Analisis keseluruhan yang dilakukan oleh GlobalData menunjukkan bahwa total 14,937 kesepakatan diumumkan di kawasan Asia-Pasifik dalam 11 bulan pertama tahun 2022, turun dari 15,831 kesepakatan pada periode yang sama tahun 2021.
“Masalah geopolitik sebagian besar berdampak pada aktivitas lintas batas,” kata analis utama GlobalData, Aurojyoti Bose.
“Sebagian besar sektor mencatat penurunan karena berkurangnya sentimen pembuatan kesepakatan di tengah kondisi yang bergejolak”, tambah Bose, termasuk peningkatan kasus virus corona di Tiongkok, menurut pernyataan GlobalData yang menyertai data tersebut.
Bose menambahkan bahwa sektor teknologi, yang biasanya menyumbang volume transaksi tertinggi di antara semua sektor, juga mencatat penurunan dalam 11 bulan pertama tahun 2022.
Perekonomian Tiongkok yang didorong oleh kebijakan telah memainkan peran besar dalam kemajuan teknologi di tengah pembatasan peraturan AS mengenai investasi di perusahaan-perusahaan Tiongkok dan penekanan Beijing pada swasembada dan inovasi teknologi, menurut Michael Ignatius Ho, direktur Asia di perusahaan modal ventura terbesar Israel. platform OurCrowd.
“Perkembangan teknologi di negara ini akan didasarkan pada investasi yang dipimpin pemerintah dan modal swasta akan mengikuti langkah kebijakan tersebut,” kata Ho.
Secara keseluruhan, aktivitas kesepakatan akan terus melambat karena hubungan sensitif antara AS-Tiongkok pada tahun 2023, kata Hugh Chow, eksekutif global selama 30 tahun di bidang teknologi dan mitra di Radiant Tech Ventures yang berbasis di Greater Bay Area.
Selain itu, dia menjelaskan, kuatnya dolar AS juga akan terus menahan modal di AS hingga melemah.
“Investor di seluruh dunia tidak mempunyai alternatif selain menarik dan mempertahankan modal mereka di AS,” tambah Ho.
Suku bunga AS diperkirakan akan mencapai 5,1 persen pada tahun ini sebelum turun menjadi 4,1 persen pada tahun 2024 dan 3,1 persen pada tahun 2025.

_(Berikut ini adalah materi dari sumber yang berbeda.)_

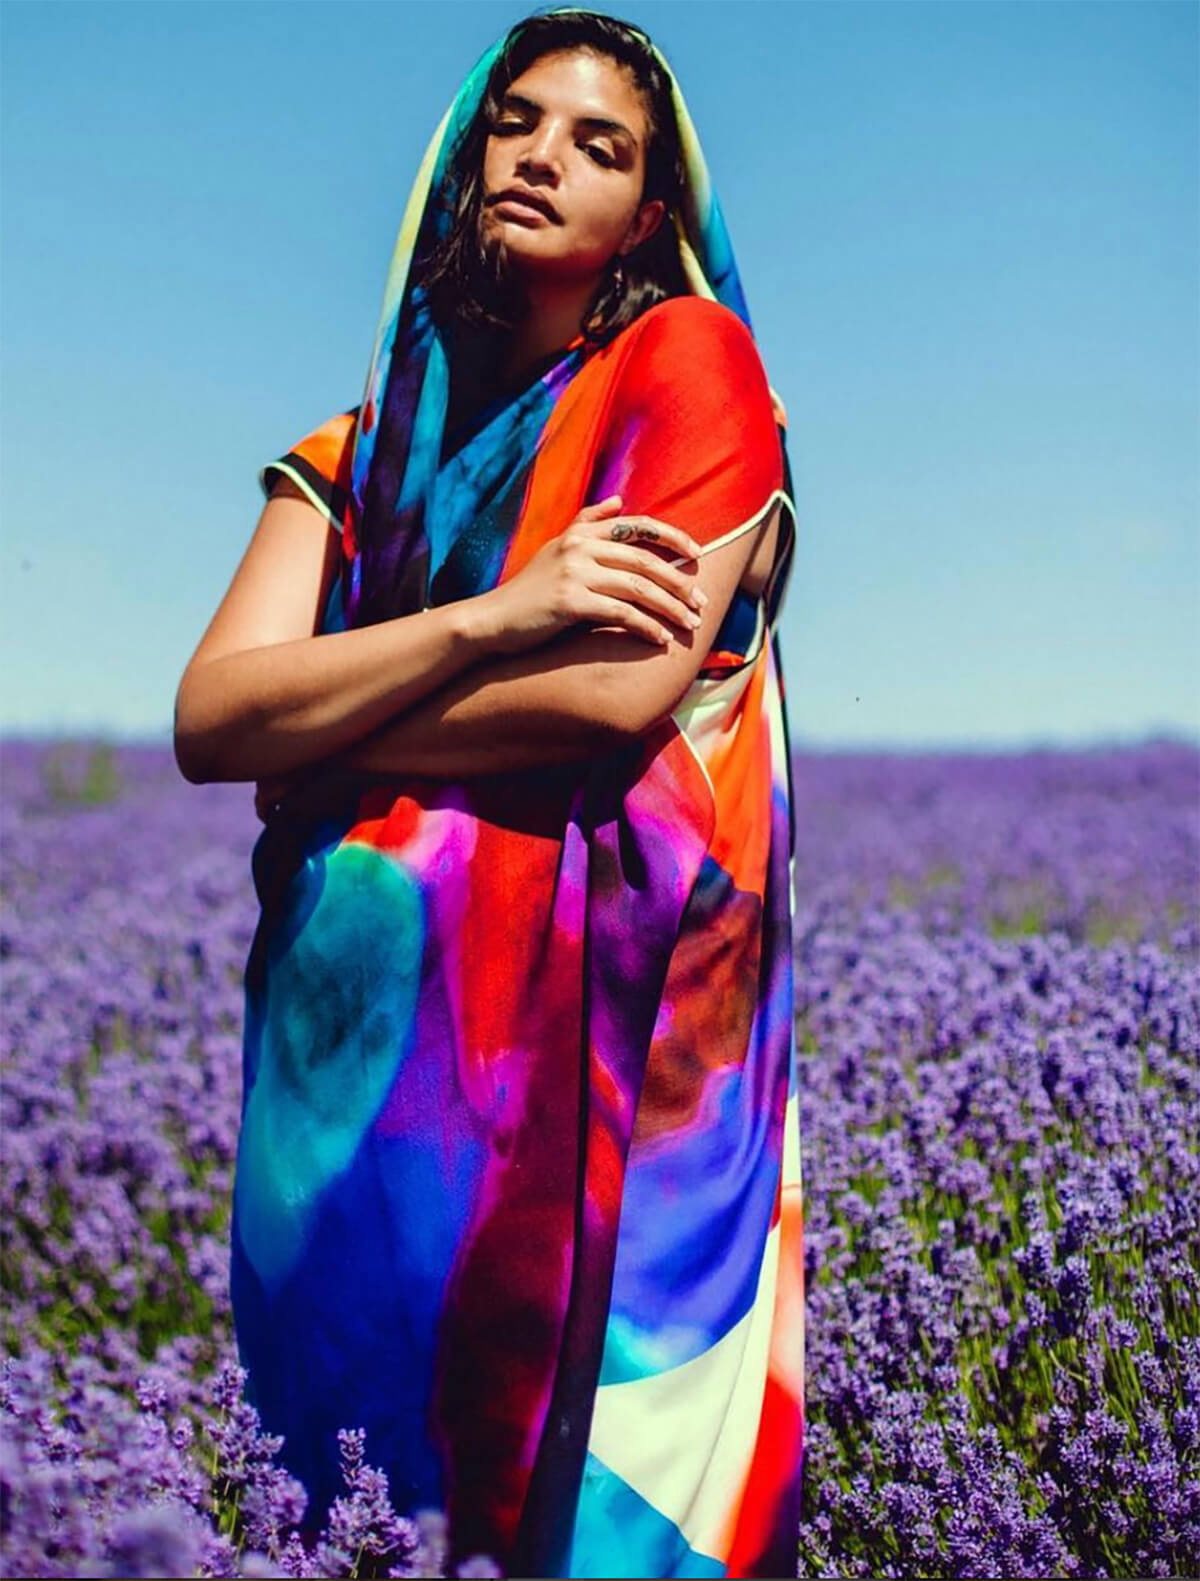 Model standing in lavender field wrapped in colourful shawl

Namun Ho, yang berpandangan relatif positif, mengatakan jumlah kesepakatan akan meningkat kembali pada tahun 2023 karena rendahnya basis perbandingan tahun lalu.
“Investor akan memulai kembali beberapa transaksi yang terhenti karena lockdown Covid-19 skala besar pada tahun lalu,” tambahnya.

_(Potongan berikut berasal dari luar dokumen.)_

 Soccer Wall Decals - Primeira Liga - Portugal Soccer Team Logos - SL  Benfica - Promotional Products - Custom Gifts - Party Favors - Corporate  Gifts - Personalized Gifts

“Bersama dengan lingkungan makroekonomi dengan tingkat suku bunga yang lebih tinggi (dan) pertumbuhan ekonomi yang lebih lambat, arus kesepakatan dan jumlah investasi tidak akan bisa mengejar tingkat sebelum Covid dalam waktu singkat.”

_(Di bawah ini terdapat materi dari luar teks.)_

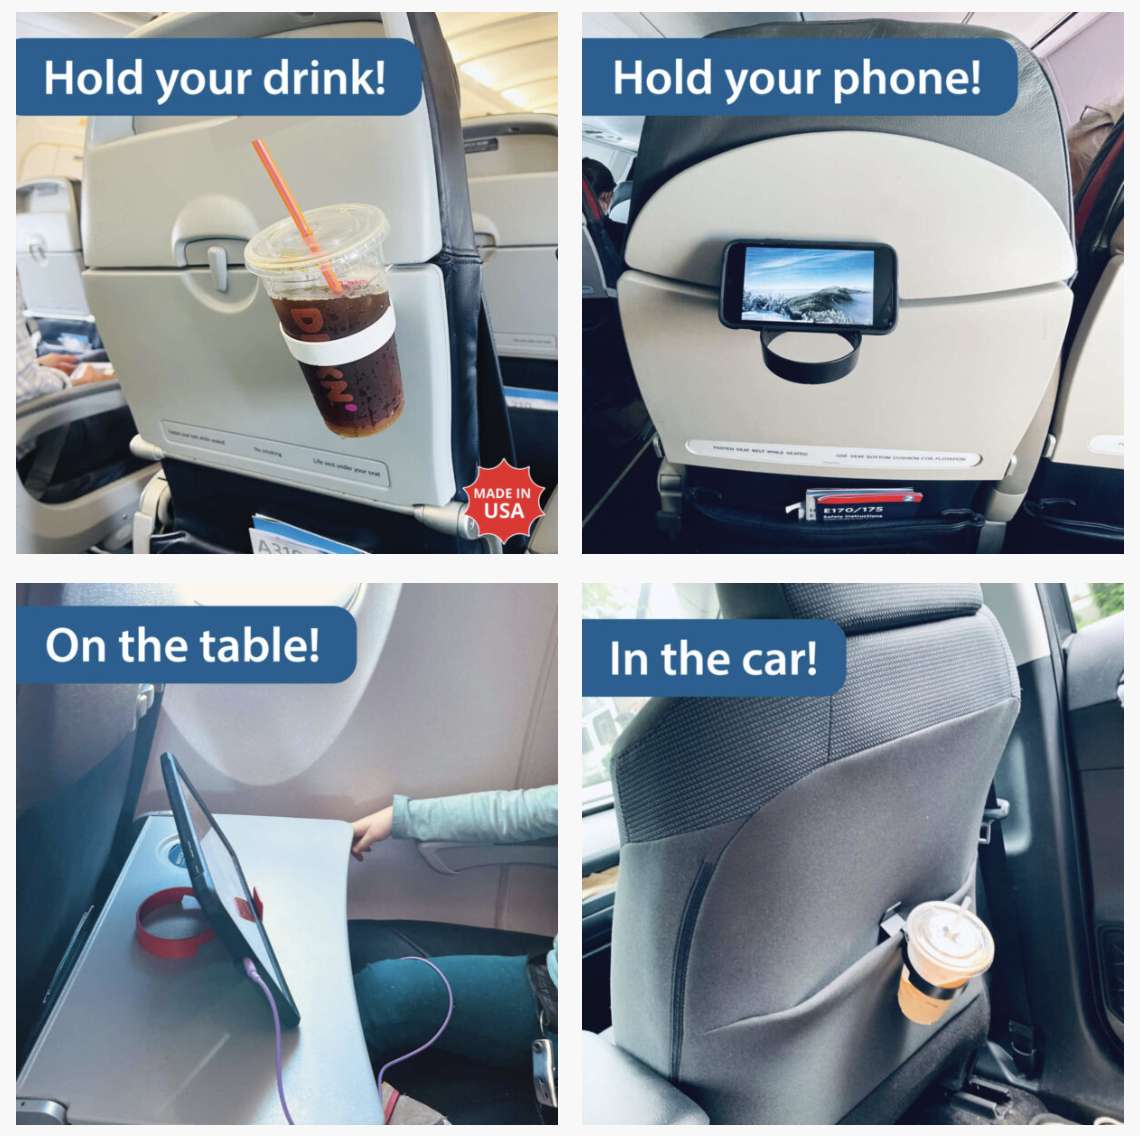 WHO INVENTED THE AIRPLANE TRAY TABLE?

Meskipun ada kesuraman dalam jangka pendek, Chow dari Radiant Tech Ventures percaya bahwa Tiongkok akan terus menarik investor AS dalam jangka panjang karena pasarnya yang besar dan berkembang.
“Wajar jika uang mengalir ke mana pun yang memiliki imbal hasil menarik,” tambahnya.
Sebelum kebangkitan sentimen investasi di Tiongkok dimulai, investor Amerika akan mengalihkan fokus mereka ke negara-negara Asia lainnya, termasuk India, Indonesia dan Filipina, dalam 18 bulan ke depan karena pasar konsumen mereka yang besar dan berkembang, menurut Buehling.
“Yang lebih penting lagi, negara-negara ini memiliki biaya tenaga kerja yang rendah dan lingkungan peraturan yang dapat diprediksi, sehingga menjadikan negara-negara ini menarik bagi perusahaan yang ingin mendiversifikasi rantai pasokan mereka,” tambahnya.